Stage 3 of this years Tour sees the riders arrive on French soil, with a drive by Belgium and Luxembourg. With many punchy climbs dotted along the 212.5km stage, and an Ardennes-style finish into Longwy, this stage could go anywhere.
Similar to yesterday’s stage to Liege, the riders tackle a categorised climb right off the bat departing Verviers. The Côte de Sart 18km in is one of 3 Cat 4 climbs on the day, and the break will probably be forming as the climb looms. It’s 2.8km in length and averages 5.1% in gradient, although there is climbing before the categorised climb actually starts. After the Côte de Sart, there are false flats for the next 40km as the riders cross the border from Belgium into Luxembourg. The only sprint point for the day is in Wincrange 89km into the race, at one of the flatter points of the stage.

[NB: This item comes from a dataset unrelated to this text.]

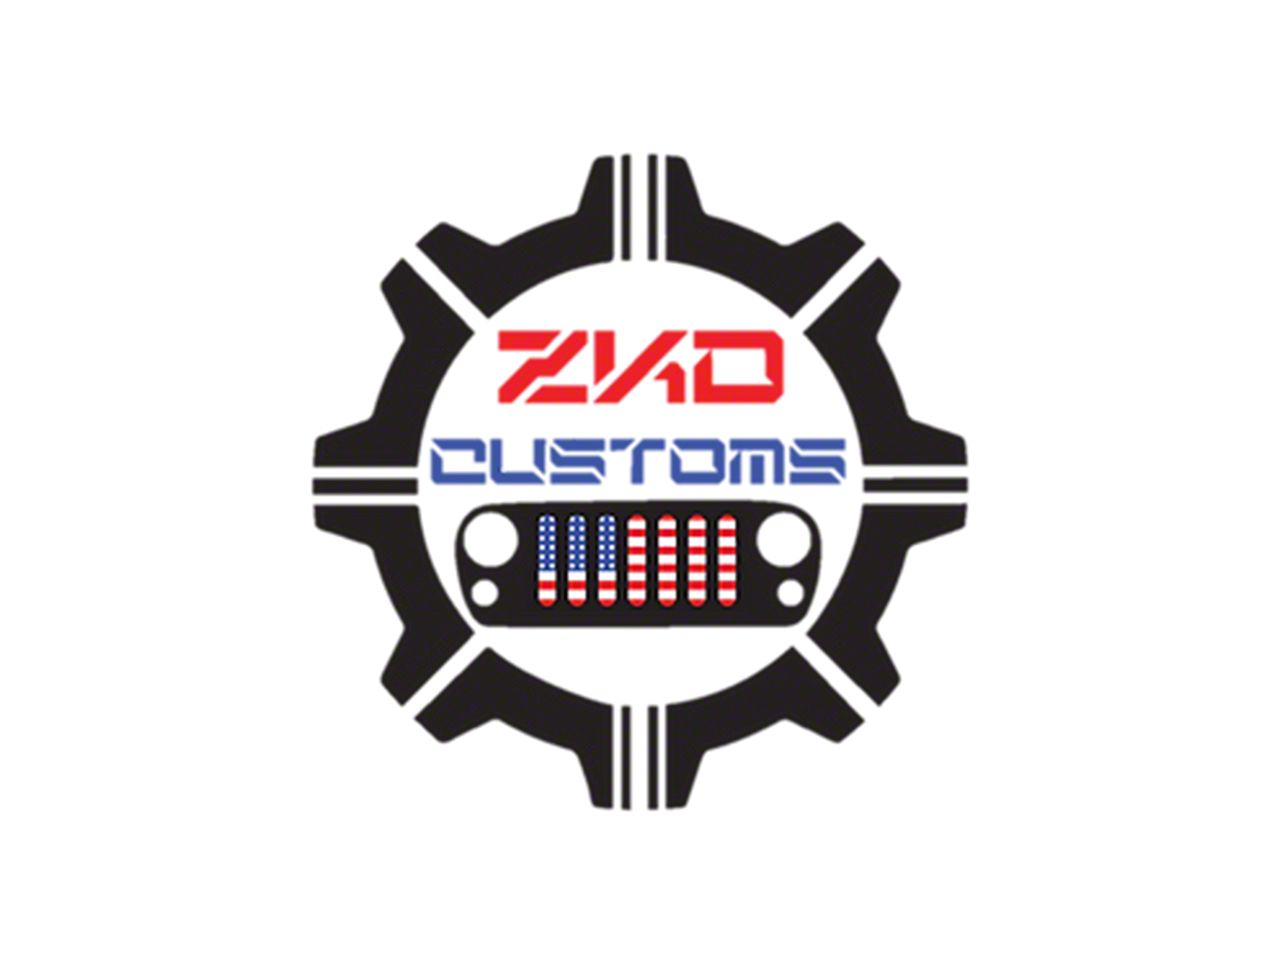 ZKD Customs Parts

The riders will tackle two categorised climbs while in Luxembourg. The first of those, the Côte de Wiltz, is 105.5km into the stage. It’s the longest but shallowest climb of the day – 3.1km at 4.8%. The Cat 3 Côte d’Eschdorf is only a short 15km after the Côte de Wiltz, and will be a climb that could put some riders into difficulty. Averaging 9.3% over 2.3km, there is no wonder the climb is a popular hill-climbing race spot, and is the first climb to the Tour to feature switchbacks (3 of them). There are a couple of bumps that are uncategorised on the Tour’s drive-through Luxembourg as well, at Saeul (143.5km) and Dippach (165.5km), with the riders leaving Luxembourg at around km 184.

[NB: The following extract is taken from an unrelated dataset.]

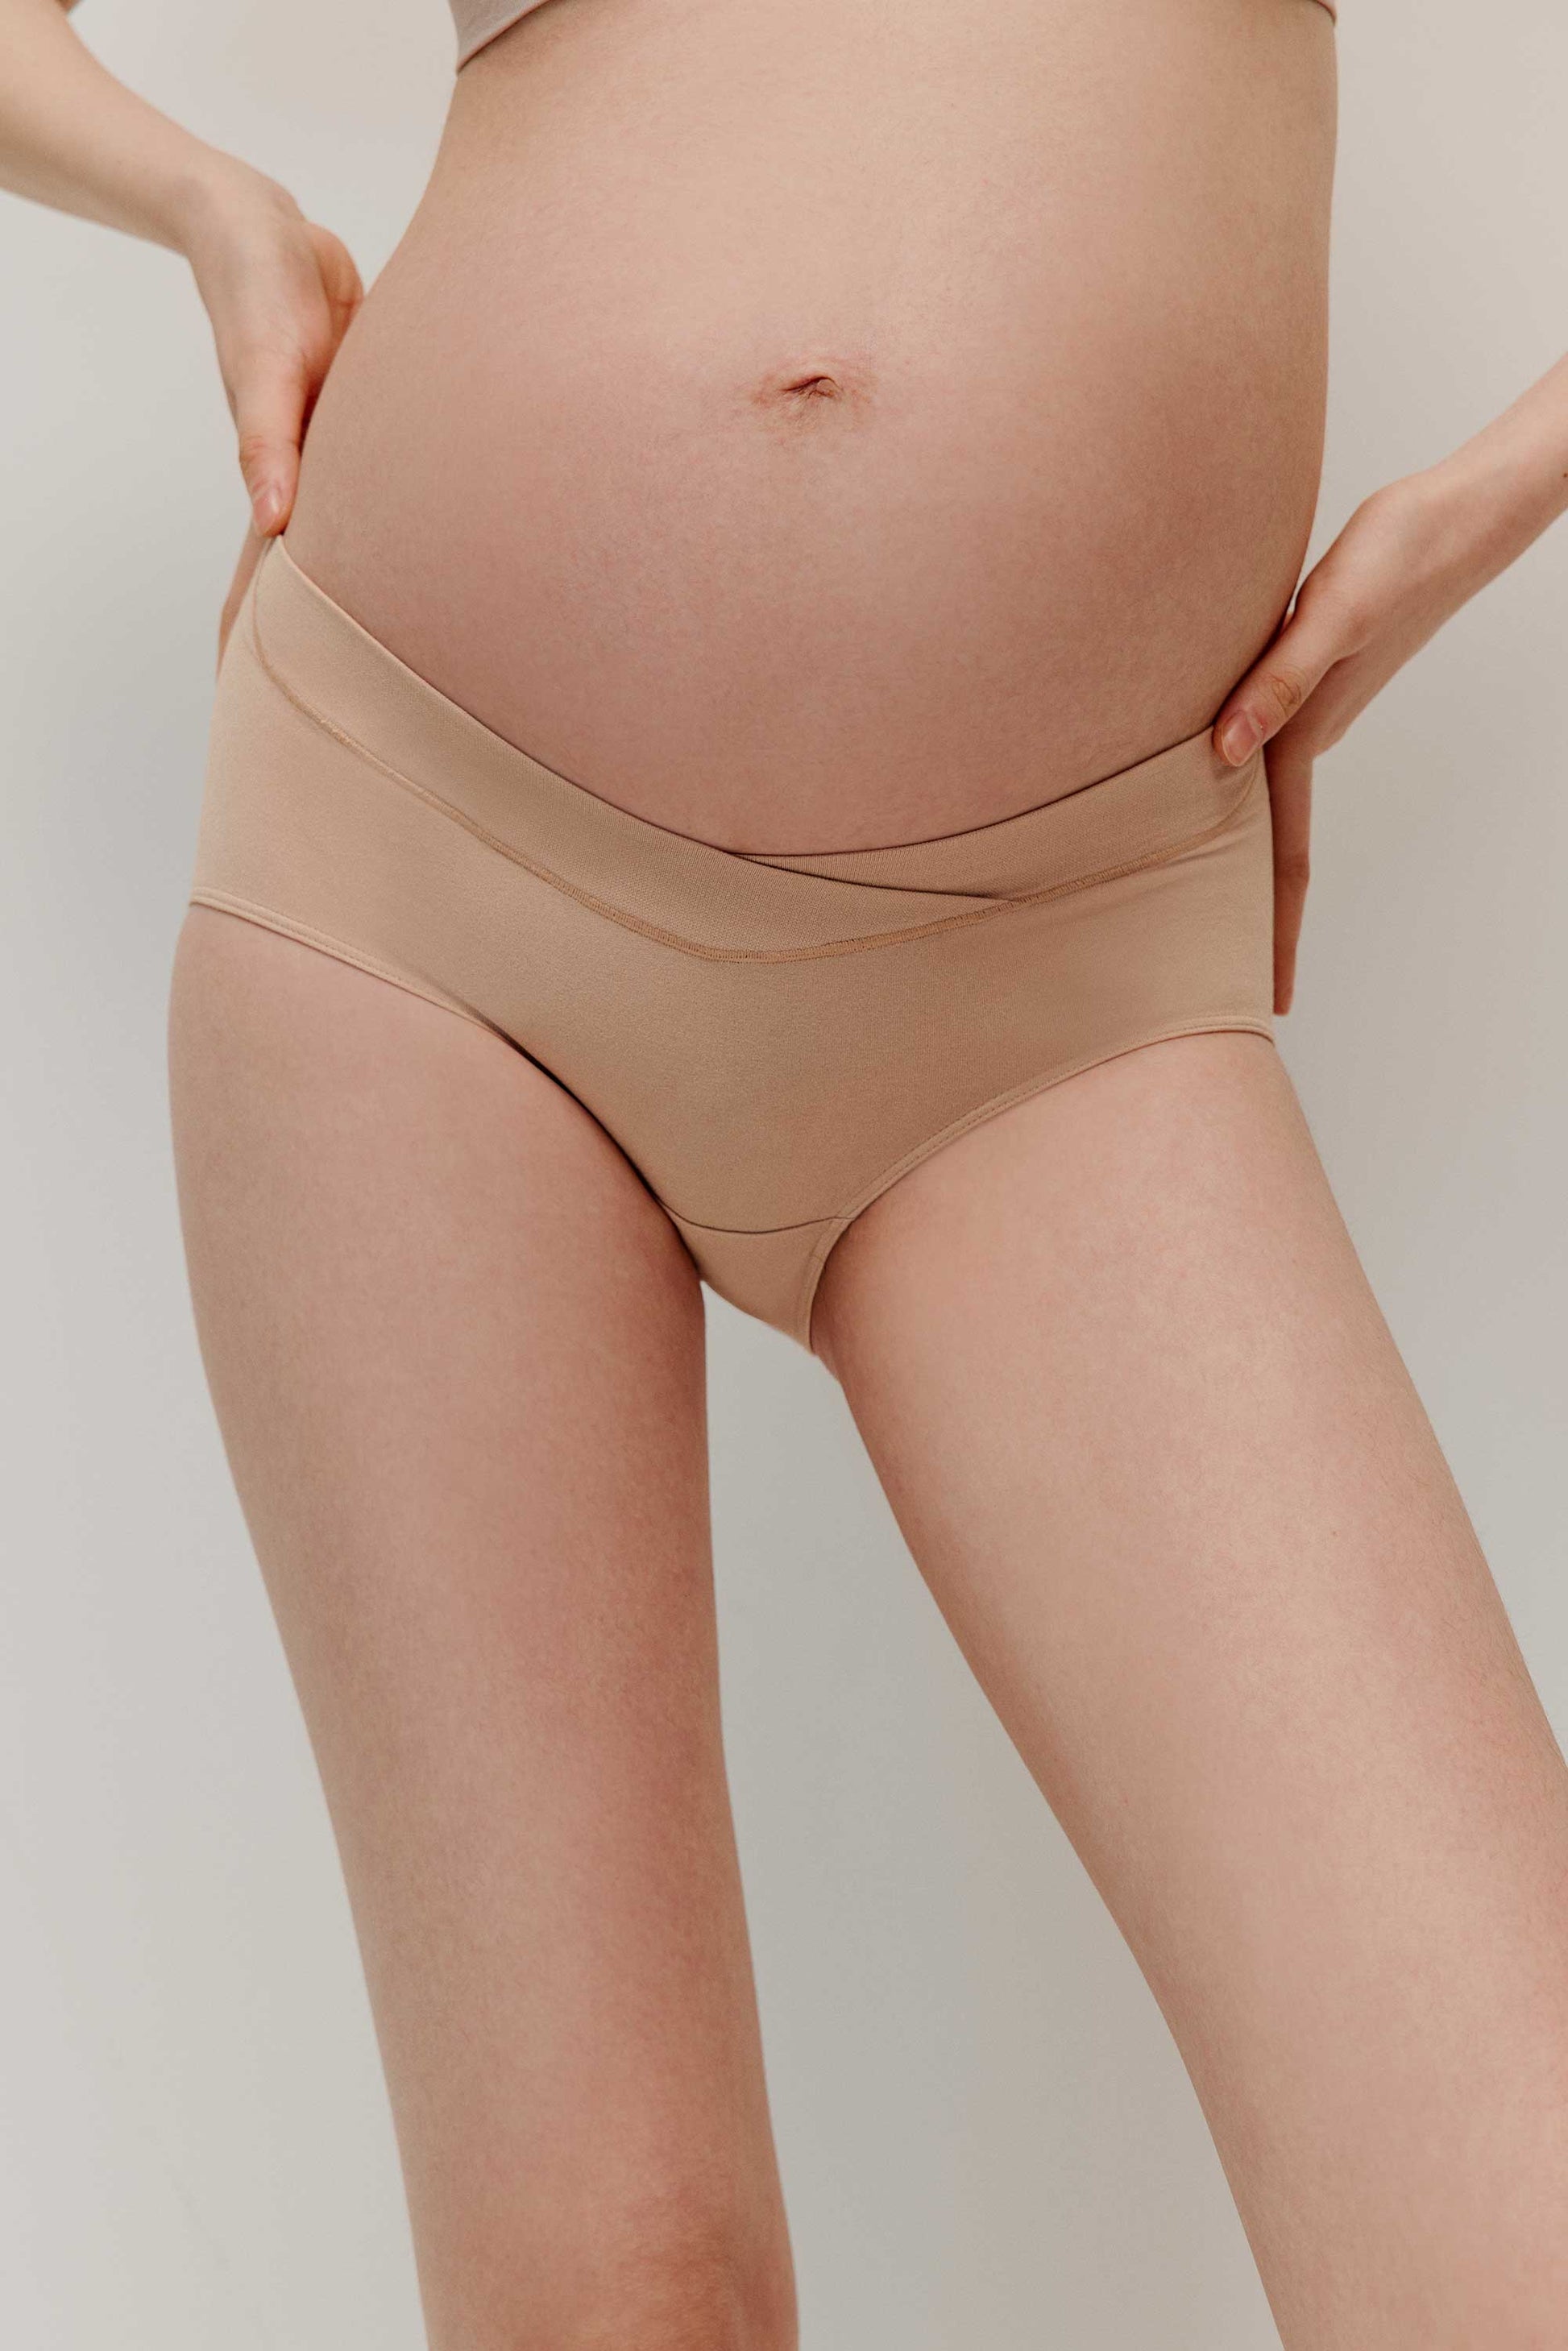 Pregnant Women Low Waist Briefs  Underwear Pregnant Women Belly

The final 30-ish kilometer stretch of the stage takes place in France – hooray, the Tour is home! Two climbs await the riders in France, the Côte de Villers-la-Montagne (1.1km at 5.2%) with 15km to go, and the final stretch into Longwy. The 1.6km climb averages 5.8% and has two hard corners with around 800m to go. The climb shallows out near the top, but pitches of 11% in the first km of the climb might be enough to drop the pure sprinters and give the puncheurs a chance to break away for the win. The ride to the line is straight and open along Avenue Charles de Gaulle, but nevertheless uphill all the way.

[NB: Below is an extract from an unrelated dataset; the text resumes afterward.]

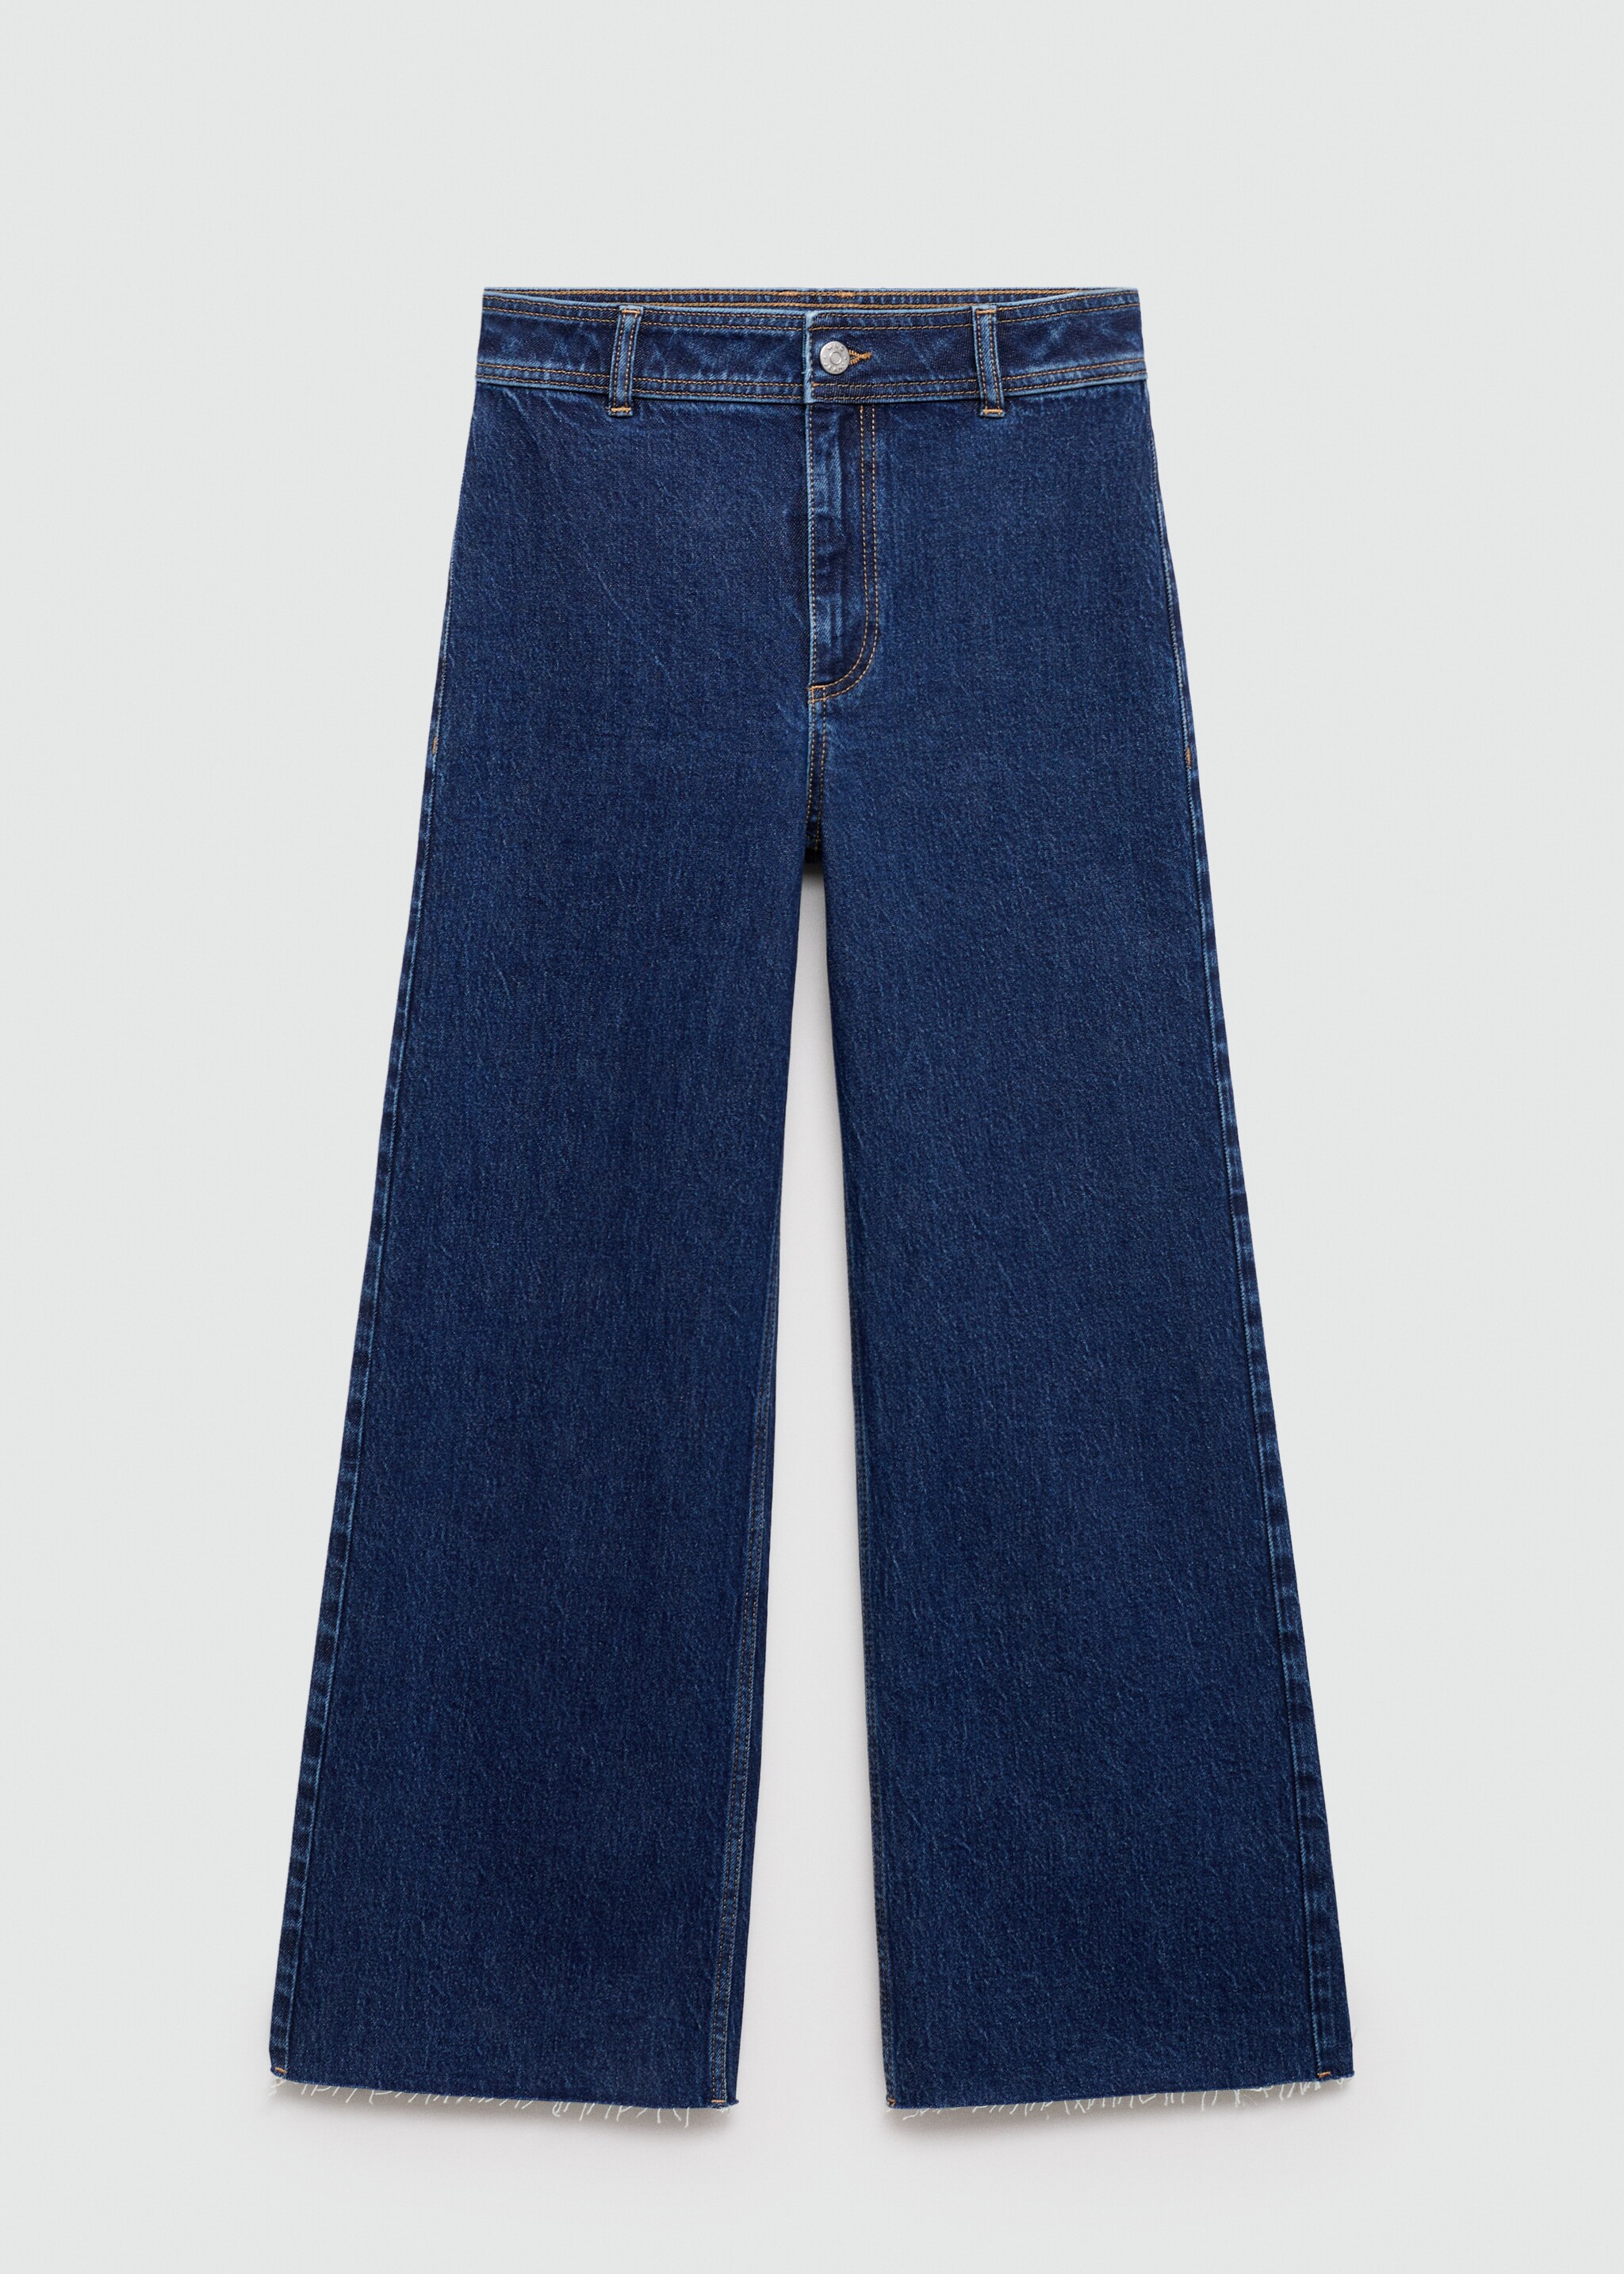 Culotte-Jeans mit hohem Bund Catherin - Artikel ohne Model

The rain will stop for the Tour to arrive at Longwy. The weather leaving Verviers for the stage is meant to be dry too, with the riders having a 14kmh headwind all the way down into Luxembourg, before the wind changes to a 14kmh crosswind after the border. The conditions at the finish are expected to be completely dry and a pleasant 21 degrees, but an easterly crosswind on the final climb (which swaps to a headwind between the two corners on the Côte des Religieuses) of around 15km could influence whether riders go solo or the pack stays together. Nothing too major, but there is little protection on the roads through Luxembourg and some splits could be formed.
The GC Situation
The stage into Liege was a sprint stage, and most of the GC Contenders sheltered themselves safely inside the peloton in the rain even after the crash with 30km to go. Froome went down but was safely escorted back to the peloton, while Bardet went down. Only one abandon today in Luke Durbridge after his crash yesterday, and he will be sorely missed by the Orica GC leaders as a domestique on the flats.
Top 10 GC Contenders
- Geraint Thomas (Team Sky) – 16’04”
- Chris Froome (Team Sky) – 12″
- Pierre Latour (AG2R) – 25″
- Andrey Amador (Movistar) – 27″
- Robert Gesink (LottoNL-Jumbo) – 31″
- Simon Yates (Orica) – 37″
- Emanuel Buchmann (Bora) – 40″
- Richie Porte (BMC) – 47″
- Nairo Quintana (Movistar) – 48″
- Andrew Talansky (Cannondale) – 49″
I can see tomorrow’s stage going either one of two ways – a solo break wins or a reduced bunch sprint. The early slopes of the Longwy climb are too steep for pure sprinters to stay with the faster puncheurs; and there is even a possibility of riders getting dropped on the Côte d’Eschdorf and not rejoining in the crosswind. Peter Sagan will feature in the finale being one of the best sprinters in the world to deal with these punchy finishes along with Michael Matthews. More puncheur-style classics riders like Edvald Boasson Hagen, Greg van Avermaet and Philippe Gilbert will also make an appearance on the climbs. Riders more suited to the Ardennes like Michal Kwiatkowski and Michael Albasini will try and make a break for it and go solo on the final sections of the climb.
My pick falls from the latter of the three styles. Dan Martin loves a short and steep finish, just look at his performances at Liege-Bastogne-Liege! Without Valverde, I see Dan Martin being able to approach this stage without his most major threat and take it with both hands. Quickstep’s goal this year isn’t focused on GC either; they want as many stages wins as possible. Dan Martin is perfectly suited to take this stage. Sitting 49″ back means he probably won’t have the opportunity to take Yellow unless he really blows the pack away, but that probably won’t worry the Irishman with the best chance of winning into Longwy.